Faith & Fate - The Story of the Jewish People In the Twentieth Century
by Rabbi Berel Wein
Reviewed by Zishe Rich
The Jerusalem Post
January 7, 2001
Berel Wein has written a popular history with a welcome twist - a narrative that includes events, issues and personalities of particular interest to traditional and Orthodox Jews.
This does not mean the book is a history of Orthodox Jewry. Indeed, Wein presents Jewish history in the context of world events. But he then adds information about the Orthodox community - the kind that is generally ignored by secular historians.

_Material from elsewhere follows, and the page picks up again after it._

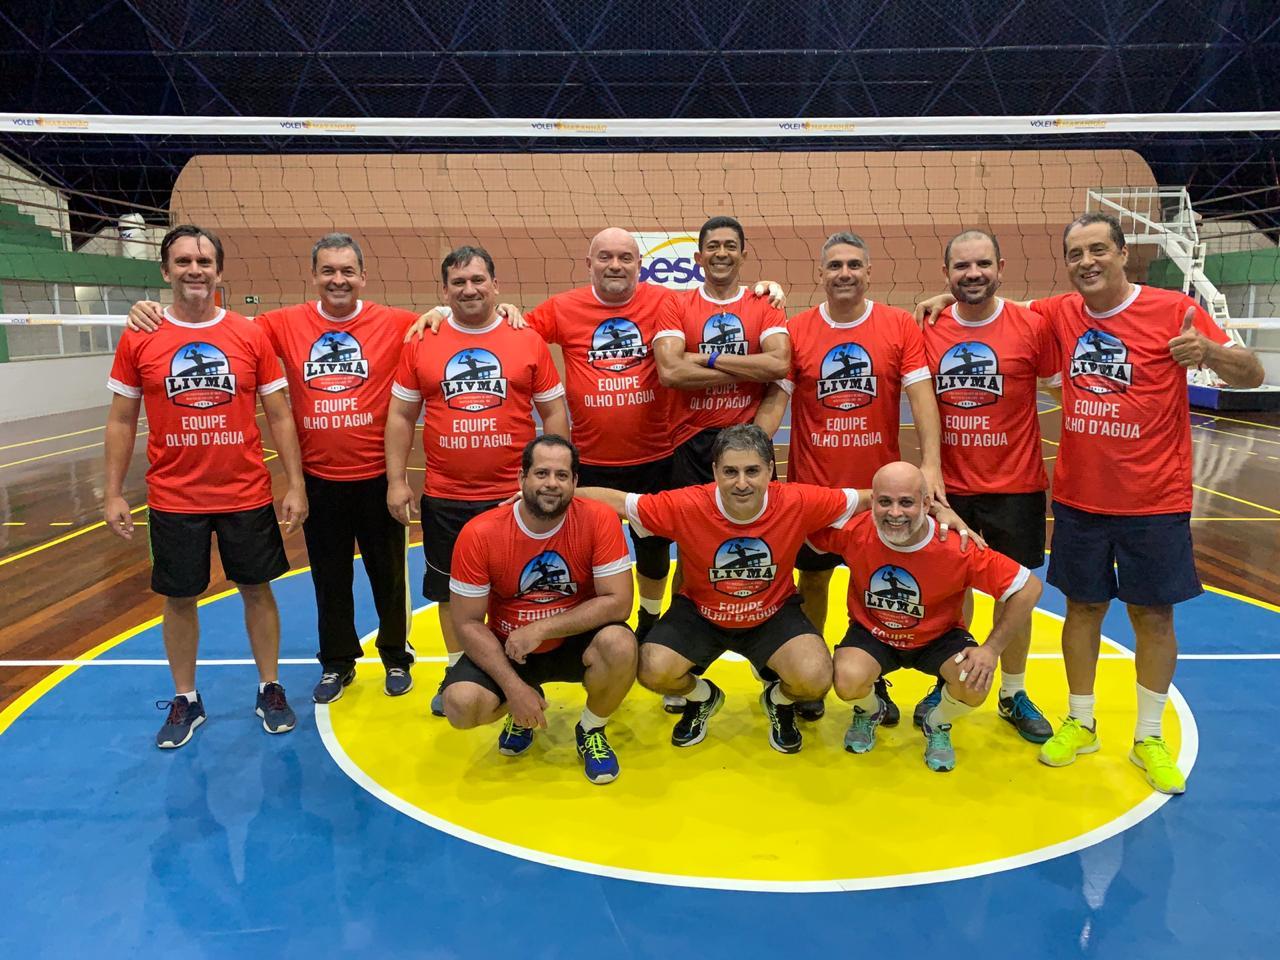 Rodada definiu as Semifinais do Master de Voleibol
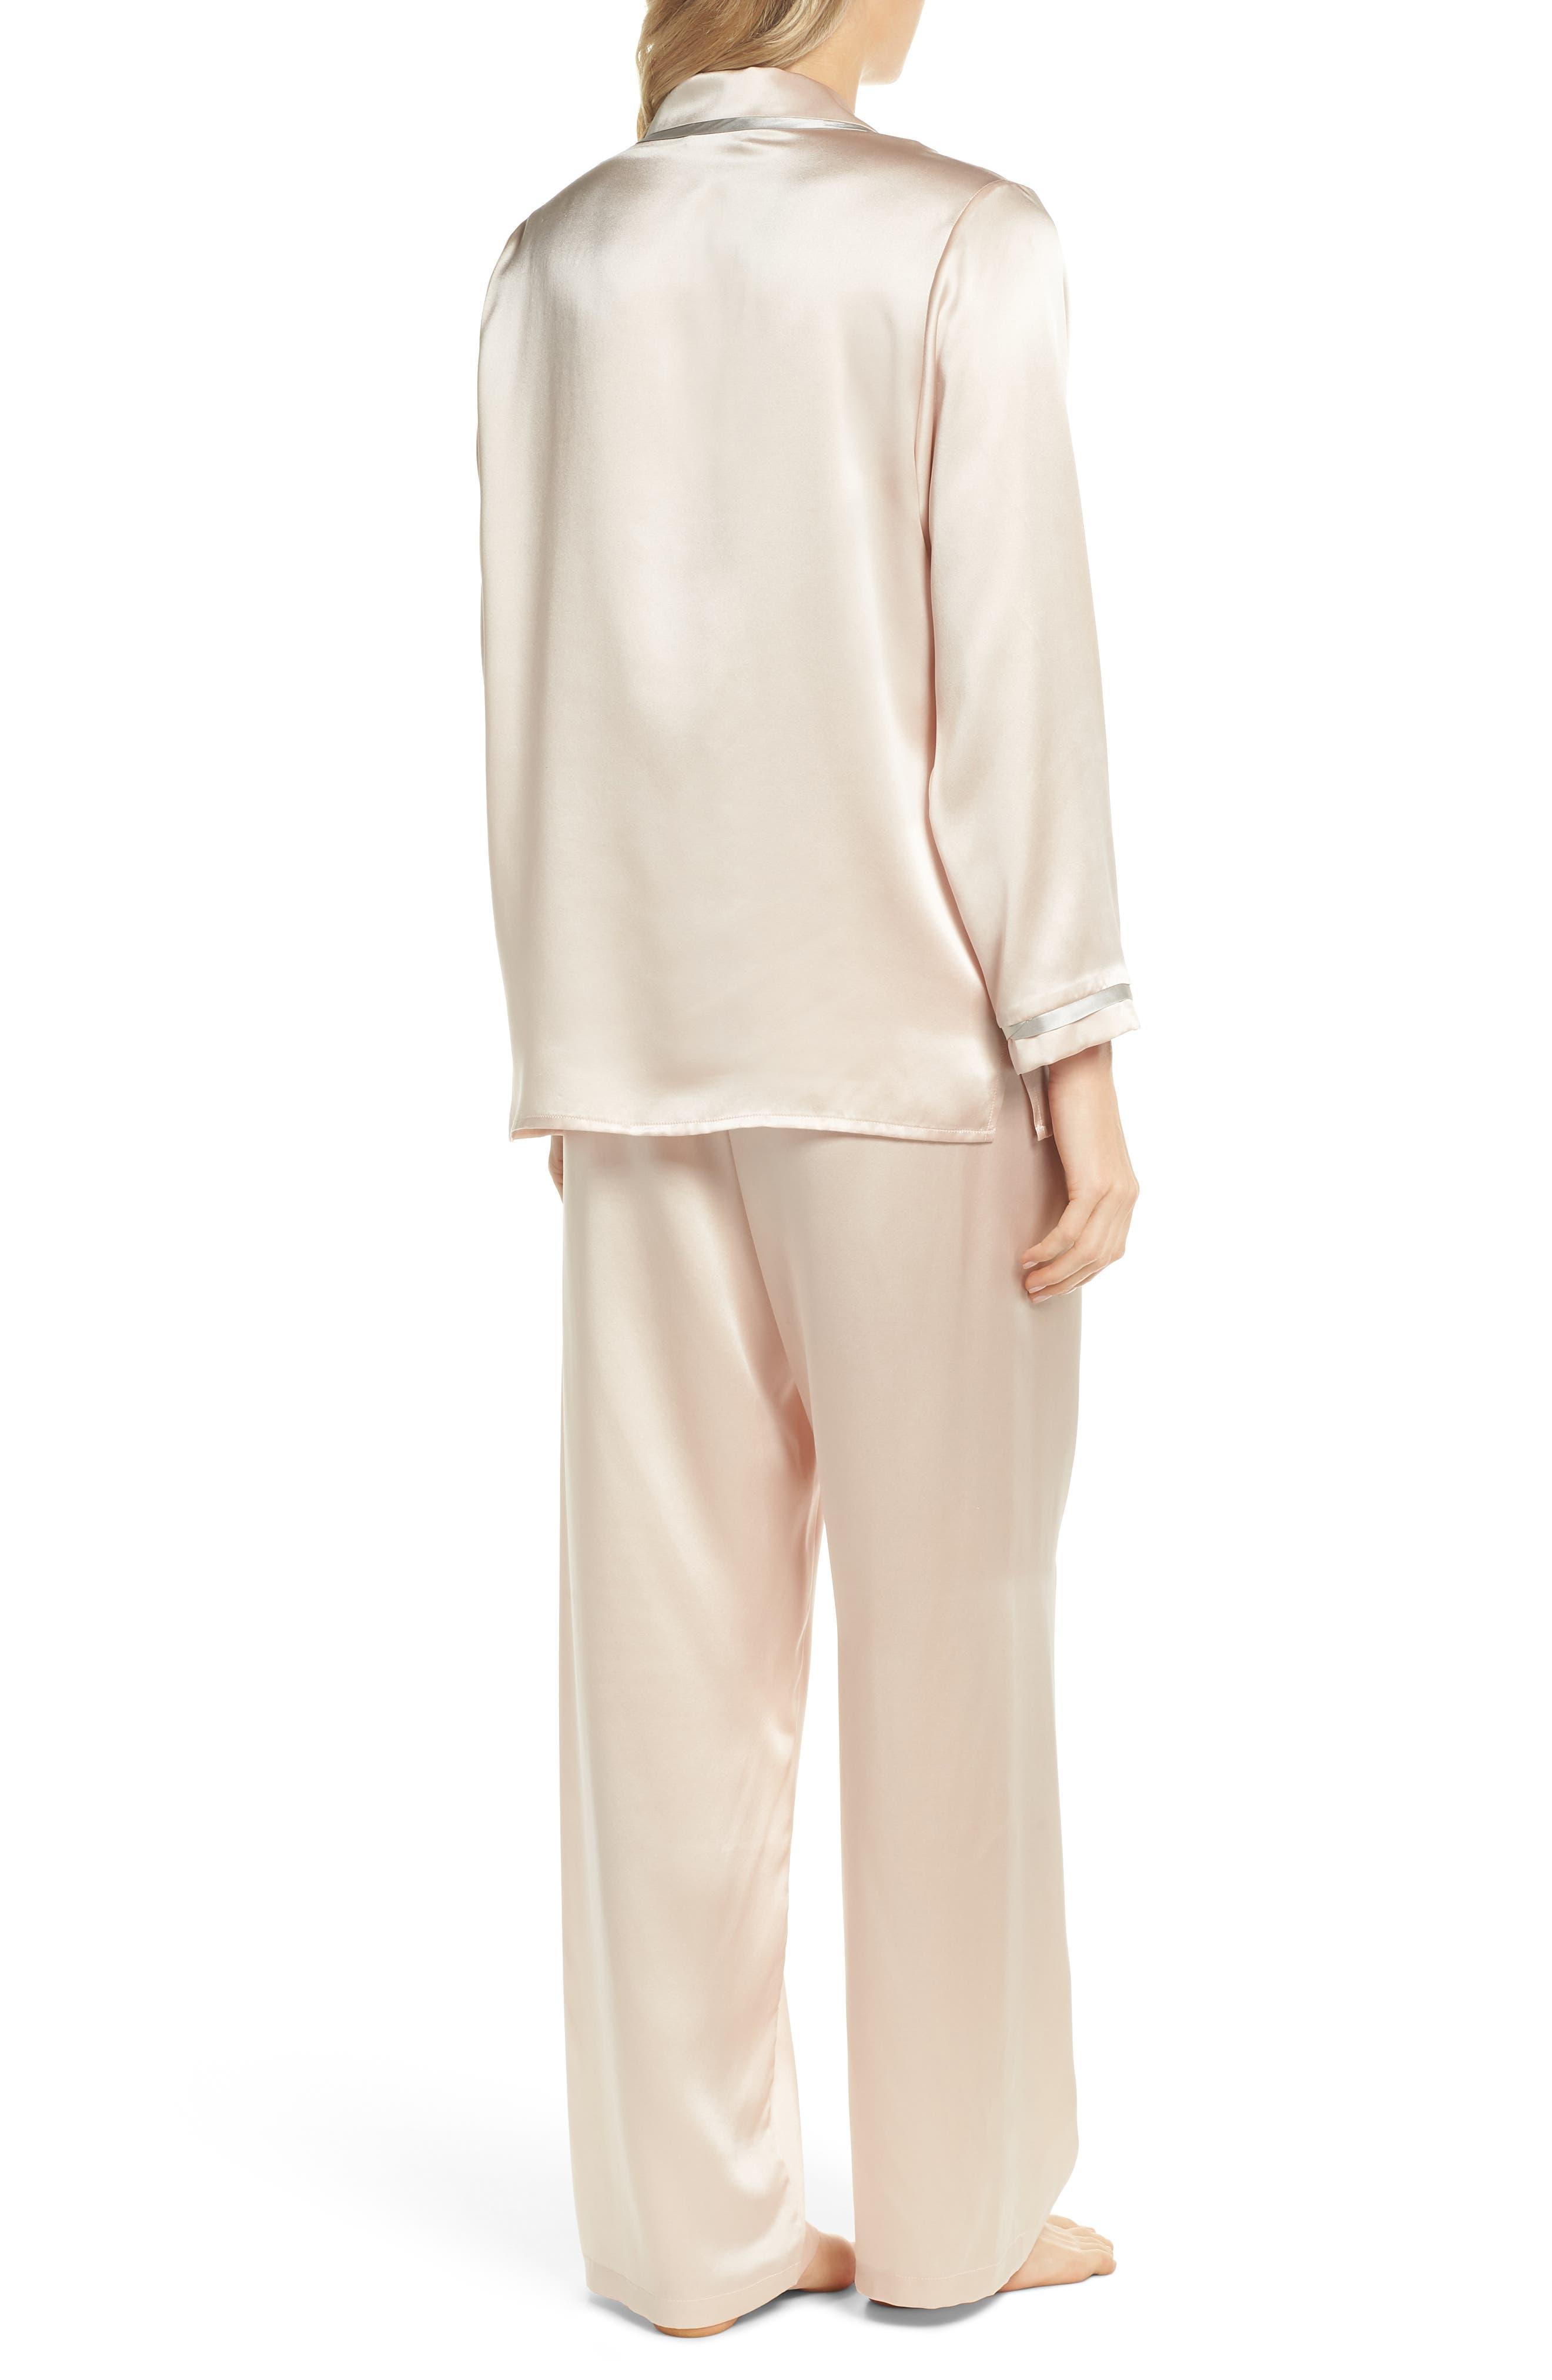 Coco Silk Pajamas,                             Alternate thumbnail 2, color,                             Rose Quartz / Antique Silver

For example, I was delighted by a 12-page section that describes the leading European yeshivot, including Mir, Slobodka and Ponovezh during the decade of the 1920s.
I must confess that during my school years, history was not a favorite subject. Too often, it was presented as dry, boring and lacking in Jewish relevance. Then I came upon audio tapes of lectures by a Monsey rabbi. I found the lectures captivating. Here was history brought alive.
The rabbi was Berel Wein. While he is - appropriately - more circumspect in the book than in his lectures, Wein adheres to the overall historical approach that those familiar with his lectures will appreciate. There are elements in Wein's historical approach that make this work unique. The history is of my own people - emphasizing traditional Orthodox Judaism. Wein includes anecdotes about personalities who shaped history, thus bringing drama to the unfolding events.
Moreover, he sheds light on now-forgotten theological and pedagogical issues such as a debate over the new analytic methods of Rabbi Chaim of Brisk. Says Wein: "Rabbi Chaim's way analyzed, dissected and categorized" the Talmud in a detailed and intensive fashion.
Many readers of Faith & Fate will find some of the material familiar - the miserable conditions of Jewish immigrants to America at the beginning of the 20th century, for instance. But the author takes the familiar and transforms it with vivid description. We feel the misery of life in a Lower East Side tenement; the indignity of sharing a hallway toilet with a stranger.
When the author described pogroms in Europe, my first reaction was to read quickly in order to distance myself from the pain and suffering of the victims. This became difficult because of a footnote naming the victims of a particular pogrom: the author's uncle, aunt and their children.
Two themes are central to the book: divisions within the Jewish world and external persecution and attack. To Wein, the religious, social and political disagreements between Jews today are merely a continuation of the conflicts that existed in 1900. The locale has moved from Europe to Israel, but the ideological schisms are the same.
The book is enhanced by many pictures that bring the story to life: A 1977 photo of prime minister Menachem Begin visiting the home of Torah-great Rabbi Moshe Feinstein, and a 1941 group photo of the students of Yeshiva Chofetz Chaim in Baltimore with the rosh yeshiva.
Faith & Fate has at least one glaring omission. The book does not devote sufficient space to the problem of assimilation in the Diaspora. Wein does describe emigration from Israel, giving estimates that range from 250,000 to 750,000 Jews. The number of Jews lost to assimilation - which must be much greater - is ignored.
While the bulk of the material appears to come from secondary sources, this is nevertheless an original work, in the sense that it presents secular history in harmony with a "Torah perspective" of world events. It is the only book I know of on Jewish history that calls special attention to the great rabbis and Torah scholars of the past century, and it does so in a lively and engaging manner.